The most commonly encountered code is called ATASCII, which stands for ATari-version American Standard Code for Information Interchange. Except for the so-called control characters—such as carriage return, tab, and so on—ATASCII is compatible with standard ASCII. (Why Atari chose to modify the standard is anyone’s guess.) ATASCII is the character code used by PRINT, INPUT, CHR$(), ASC(), and most external devices such as printers and modems.
For example, in ATASCII (and ASCII), the code for uppercase A is 65. You can verify this in BASIC:
Virtually every Atari BASIC book (even Atari’s own) shows the character represented by each ATASCII code. You can also run Program 1 below to display each character and its code. (Press CTRL-1 to pause and continue the display.)
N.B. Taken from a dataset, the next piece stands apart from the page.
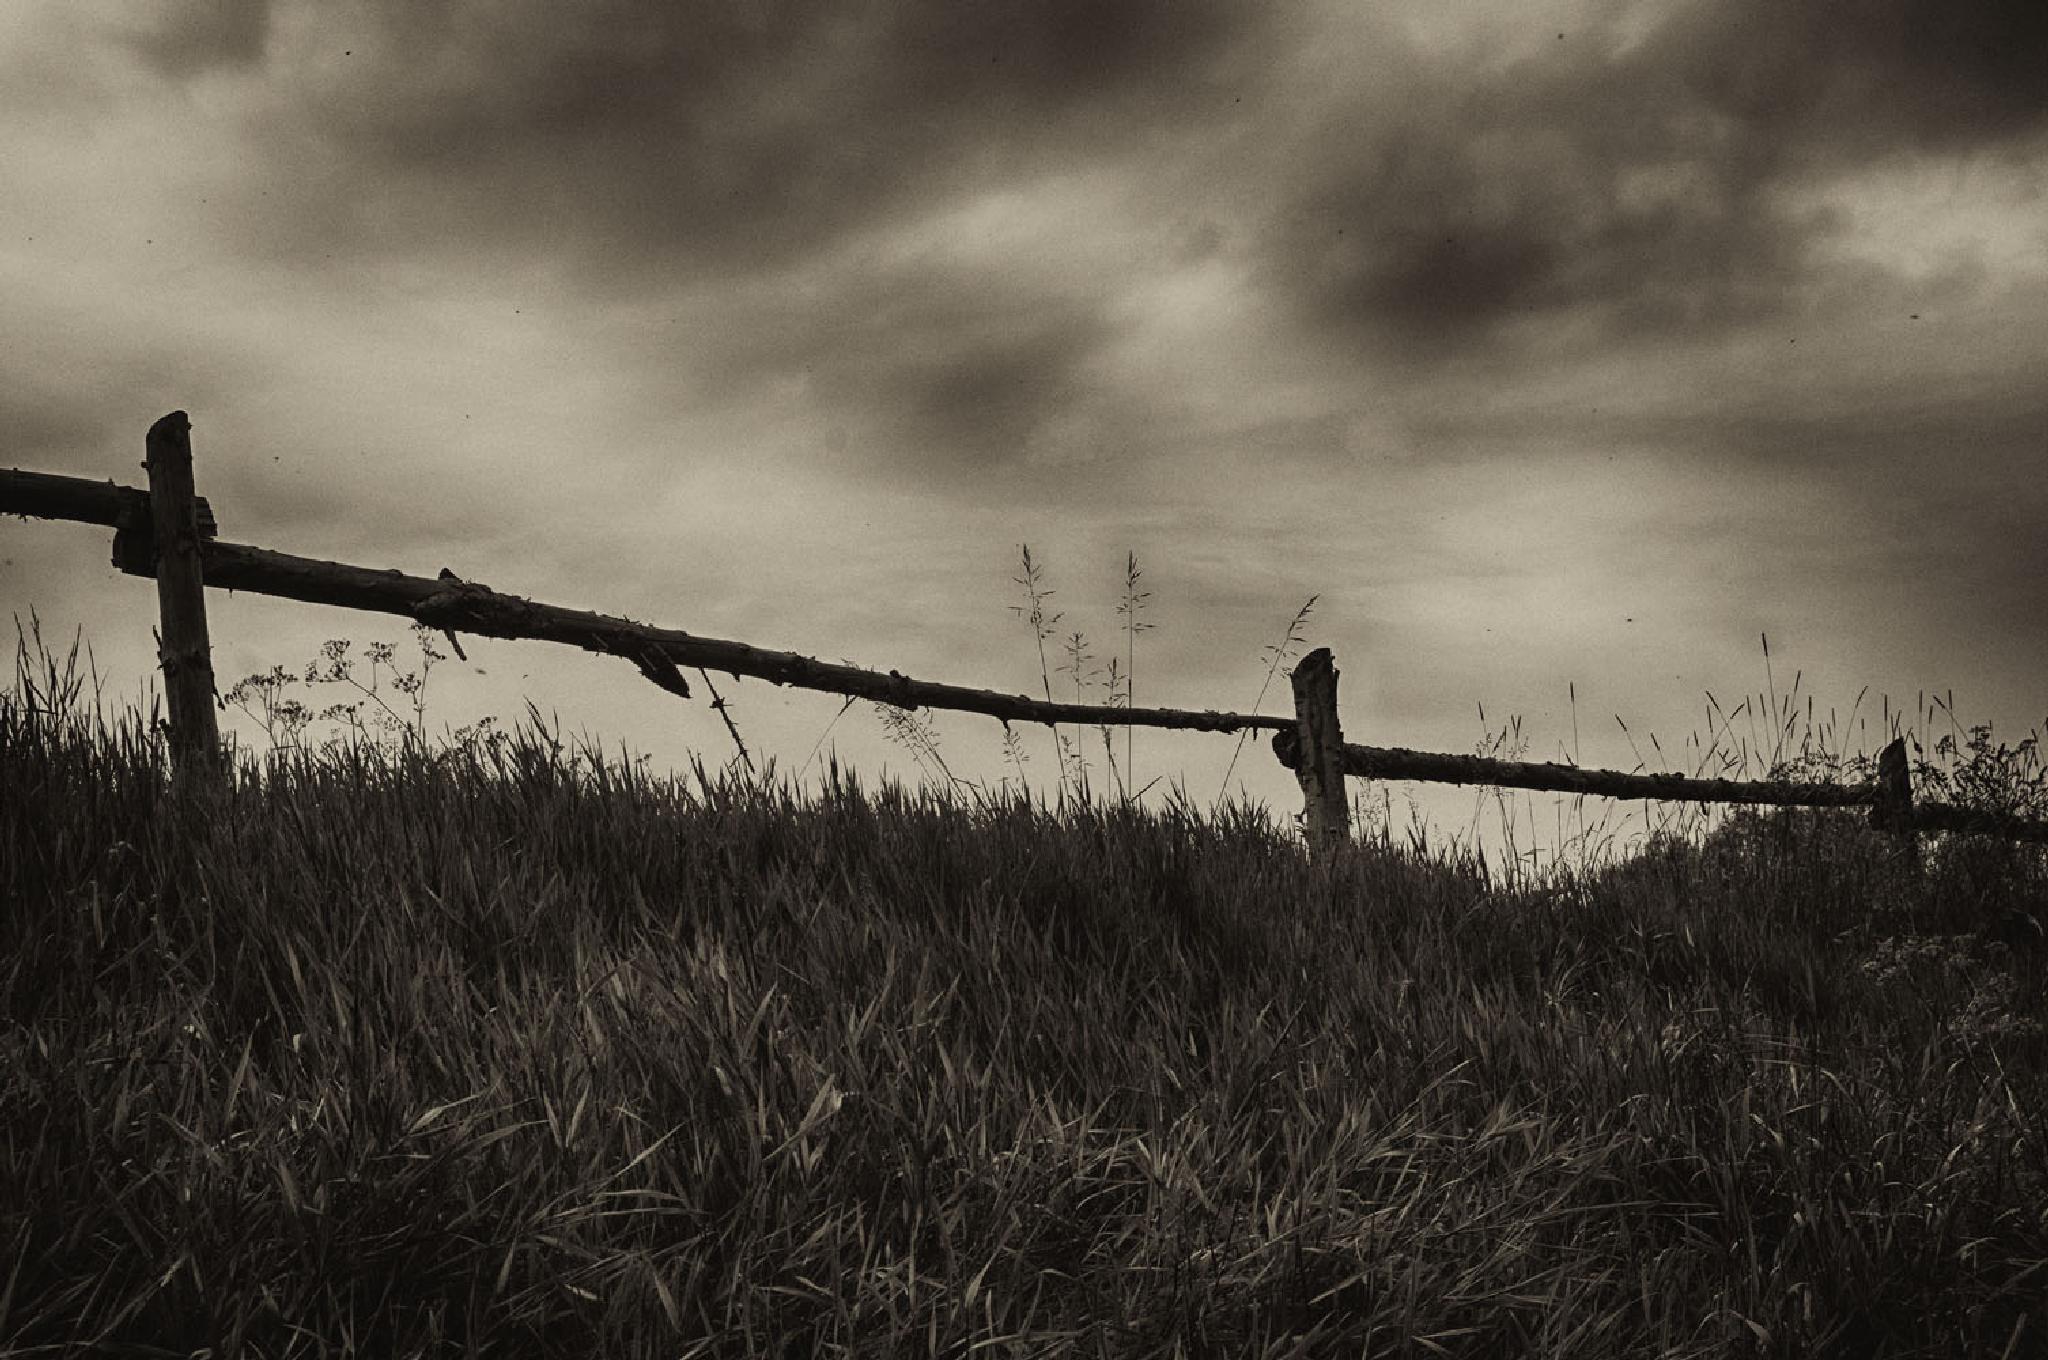 Untitled by k.demjanic photography

The second character code found in your Atari is the keyboard code. The keyboard code for any character is actually the value read from a hardware register in memory when the key for that character on the keyboard is pressed. Program 2 below lets you find the keyboard code for any character. Just for fun, try some of the keys or key combinations which don’t normally produce characters, such as CTRL-SHIFT-CAPS). Neat, huh?
Finally: screen codes. This term refers to the byte value you must store in memory to display the desired character on the screen. “What?” you ask, “How do those differ from the ATASCII codes?” After all, to put the string BANANA PICKLE PUDDING on the screen, all it takes is a simple BASIC statement:
PRINT "BANANA PICKLE PUDDING"
And besides, aren’t the characters in quotes supposed to be ATASCII codes? Good questions. Now for some complicated answers.
Actually, if the original Atari designers had thought just a little harder and added just a few more logic gates to the thousands already in the ANTIC and GTIA chips, ATASCII and screen codes could have been one and the same. It’s similar to the mistake of making ATASCII incompatible with ASCII. Sigh. But we’re stuck with what we’ve got, so let’s figure out how it works.
For starters, consider GRAPHICS 1 and GRAPHICS 2, the large-size character modes. You may have noticed that in either of these modes you can display only 64 different characters on the screen. Now, if you recall last month’s demo programs, note that we can specify the base address of the character set. That is, we can tell ANTIC where the character set starts by changing the contents of memory location 756 (which is actually a shadow register of the hardware location which does the work—see Mapping the Atari for more on this).
In a sense, the ANTIC chip is fairly simplistic. When it finds a byte in memory which is supposed to represent a character on the screen, it simply adds the value of that byte (multiplied times eight, because there are eight bytes in the displayable form of a character) to the character set base address. This points to the memory address for that particular character. Except… well, let’s get to that in a moment.
Because we want GRAPHICS 1 and 2 (with their limited sets of 64 different characters) to display numbers and uppercase letters (omitting lowercase letters and graphics), for these two modes it makes sense that the character set starts with the dot representation of the space character and ends with the underline—codes 32 through 95, respectively.
But why are these 64 characters the only ones available in GRAPHICS 1 or 2? Because the upper two bits of a screen byte in these modes are interpreted as color information, not as part of the character (see the modification to Program 3 below). So only the lower six bits choose a character from the character set. Six bits can represent only 64 possible combinations, which is why these modes can display only 64 characters. Bit pattern 000000 becomes a space, 100101 is an E, and 111111 becomes an underline, and so on.
When you use GRAPHICS 0 (normal text), however, there is a strange side effect. In this mode, only the single upper bit is the color bit (actually, it’s the inverse video bit). This leaves 7 bits to represent a character, so we can have values from 0 to 127 decimal (0000000 to 1111111 binary, $00 to $7F hex). Again, this value—after being multiplied by eight—is added to the value of the character set base address. But which numbers in that 0 to 127 range represent which characters?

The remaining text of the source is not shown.